Looks like the pictures did not work!

Ryan


----------



## Sissygirl (Aug 8, 2007)

Awe! What a cutie - he doesn't look like a mutt to me. He looks like one very happy boy!!!


----------



## luv3havs (Jul 27, 2007)

He looks a lot like a Havanese to me, in that doggie Hairdo!
He's very cute and looks like a fun dog.


----------



## Evye's Mom (Dec 16, 2008)

He is a cutie !!!


----------



## HavaBaloo (Mar 24, 2009)

Oh, he is a cutie! What's his name? He looks so happy, glad you had a good experience.


----------



## pjewel (Apr 11, 2007)

He looks like a hav to me. He's adorable, both before and after.


----------



## LuvCicero (Mar 31, 2008)

He is so cute and he looks like a Hav to me also. That last picture is so cute. He looks like he is dancing to some good rock music because he likes his new look.


----------



## Sheri (Oct 11, 2008)

What a cutie, and welcome! How much does "he" weigh? He sure looks like a hav! I like that last picture, too! Cute photo of your husband trying to hide behind him, too!


----------



## Scooter's Family (May 23, 2008)

Very cute!!! What's his name?


----------



## vipbrj (Apr 13, 2009)

his name is Wall-E... I don't know why I forgot to mention that! 

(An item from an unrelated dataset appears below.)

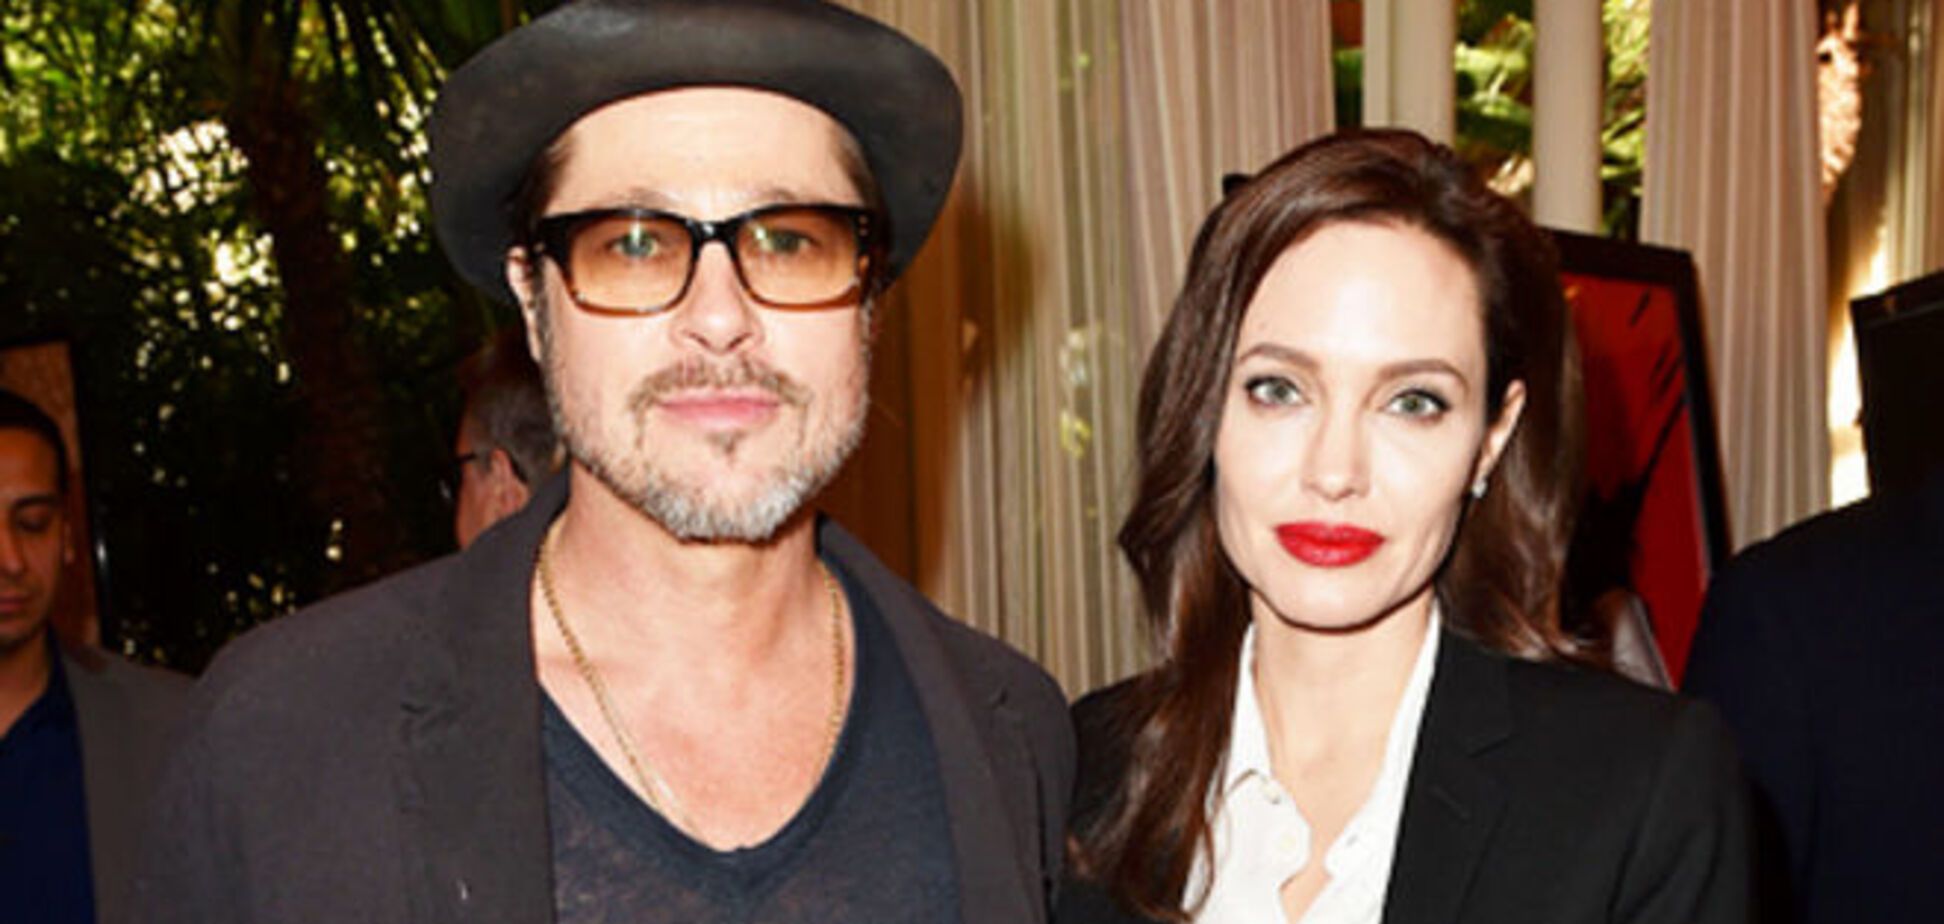 Анджелина Джоли и Брэд Питт усыновят ребенка до конца лета - СМИ

He's about 27 pounds... he isn't really that big or overweight, just really stocky (or thats what I tell myself)  

The groomer thought he was a dandie dinmont. That's probably the third time I've heard that from someone... but I just think it doesn't fit him at all (besides the body shape)!


----------



## HavaneseSoon (Nov 4, 2008)

Your pup is very cute! Love the groom!


----------



## Scooter's Family (May 23, 2008)

Now I remember him! He's beautiful!


----------



## Sheri (Oct 11, 2008)

Oh, I remember, too, now! He looks very nice in his new cut! Is he settled in well, and are you enjoying him?


----------



## Pixiesmom (Jul 31, 2008)

Yep, I remember him too. 
I thought we all decided that he's a havanese for sure.


----------



## marjrc (Jan 13, 2007)

Wall-e is adorable!! I LOVE that action shot. Looks like he and your b/f are dancing. Soooo cute! He definitely looks like a Hav, a bigger Hav.


----------